Two Doctors Talk About Holistic & Integrated Approaches To Cancer


Medical science recognises treatment as a physical cure and pays little or no attention to the others aspects of your being.  Hence, doctors practicing conventional medicine are usually wary of holistic therapies. Two renowned doctors who have closely witnessed the impact of holistic therapies share their valuable insights. 

Conventional Treatments + Holistic therapies

Dr. Vishal Rao, a Bangalore-based Surgical Oncologist who specialises in Head & Neck cancers, talks about how holistic therapies can support the allopathic treatment of cancer.

Dr. Rao: There are various therapies like surgery, chemotherapy and radiotherapy to treat cancer. In my experience, it is not enough to try and destroy the cancer cells with the strongest of chemotherapy / surgery.

The body also needs to be in a state to accept this treatment and the also immune system plays a paramount role in maintaining this balance. Our immune system plays a very important role in healing. I have no doubt that in addition to the conventional treatments, if a patient gets emotional, spiritual and family support, his recovery rate will be faster than usual.

“When you get into a tight place and everything goes against you, till it seems as though you could not hang on a minute longer, never give up then, for that is just the place and time that the tide will turn.” – Harriet Beecher Stowe

A Doctor becomes the Patient

Dr. Stanley Wetschler from Pittsburgh, USA shares his personal experience of recovery from cancer.

Dr. Wetschler: In 1999, I was diagnosed with metastatic colon cancer that had spread to my liver and lungs. My oncologists told me that chemotherapy is the only feasible option to control my condition and that I would live for only a few more months.

They advised me to go back home and spend quality time with my family. Naturally, this news came as a shock because, as a qualified and experienced doctor myself, I knew all the deadly eventualities of cancer.

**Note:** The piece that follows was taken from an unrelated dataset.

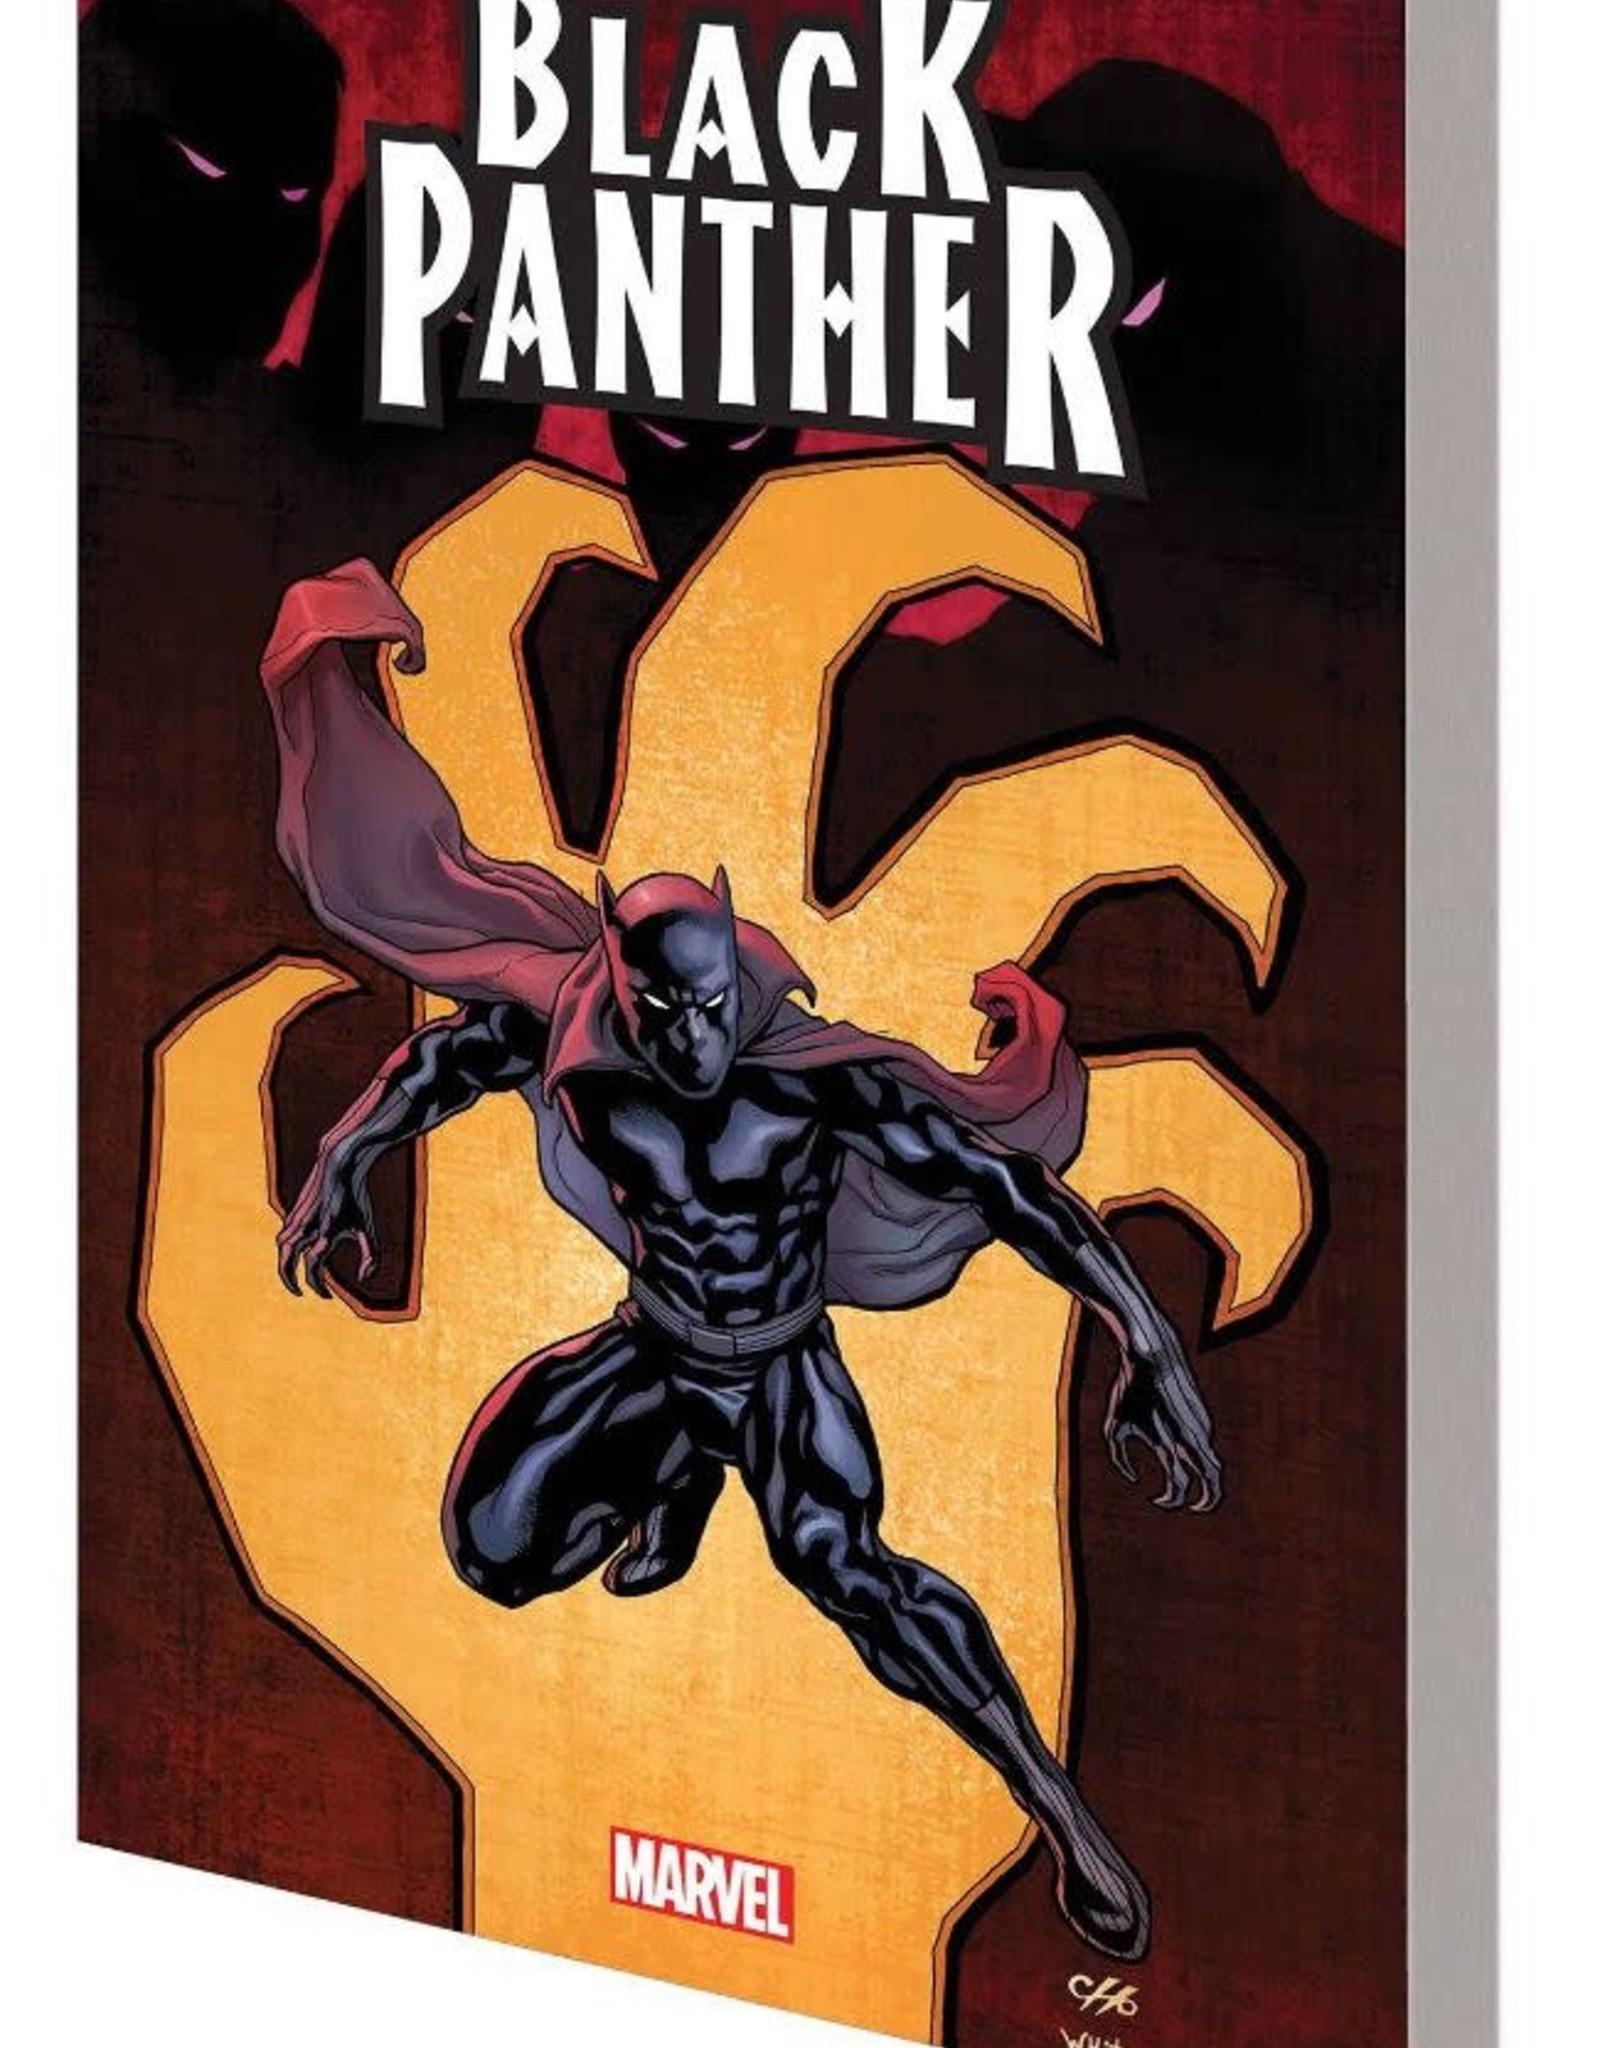 Marvel Comics Black Panther Complete Collection by Reginald Hudlin Vol 01 TP

By God’s grace, from 1999 until today, I continue to live on and I feel like I’m getting better and stronger by the day. To the extent, that my oncologists – who are among the best in the business and who had pronounced my death sentence – feel awkward and embarassed to meet me.

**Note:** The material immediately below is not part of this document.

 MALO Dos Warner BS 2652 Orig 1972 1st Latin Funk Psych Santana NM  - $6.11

“You’re a very lucky man” is all that people can say … and I find it odd that very few ask me what I actually did, to turn around my ‘terminal’ diagnosis!”

The Skeptic Becomes A Convert

My wife, Jeannie, enjoyed reading books on holistic medicine. Not wanting to hurt her feelings by saying what I really thought then (that those methods were nonsense) I would politely dismiss them as “not relevant to me”.

This was before my personal encounter with cancer. When I became the ‘patient’ with a dismal survival prognosis, I opened myself to explore the uncharted world of integrated and holistic medicine.

With Jeannie’s help, I employed an array of different therapies, including prayer, meditation, visualization, herbs and supplements, massage, reflexology, support groups, a raw vegetarian diet (based on the Ann Wigmore program of consuming wheat-grass juice and sprouts.)

“After the Wigmore program, one of the pulmonary tumors had decreased in size and my CEA. value decreased so I opted for surgery to remove the lung tumors. I sensed that the tumor biology had been significantly altered, and that a cure would now be possible. Life is very short, so enjoy the time with your family, do everything that you enjoy doing!”

The Way Forward

Now, I advise and guide, many cancer-afflicted patients and families instilling the hope and courage they crave. This gives me great satisfaction and inner peace.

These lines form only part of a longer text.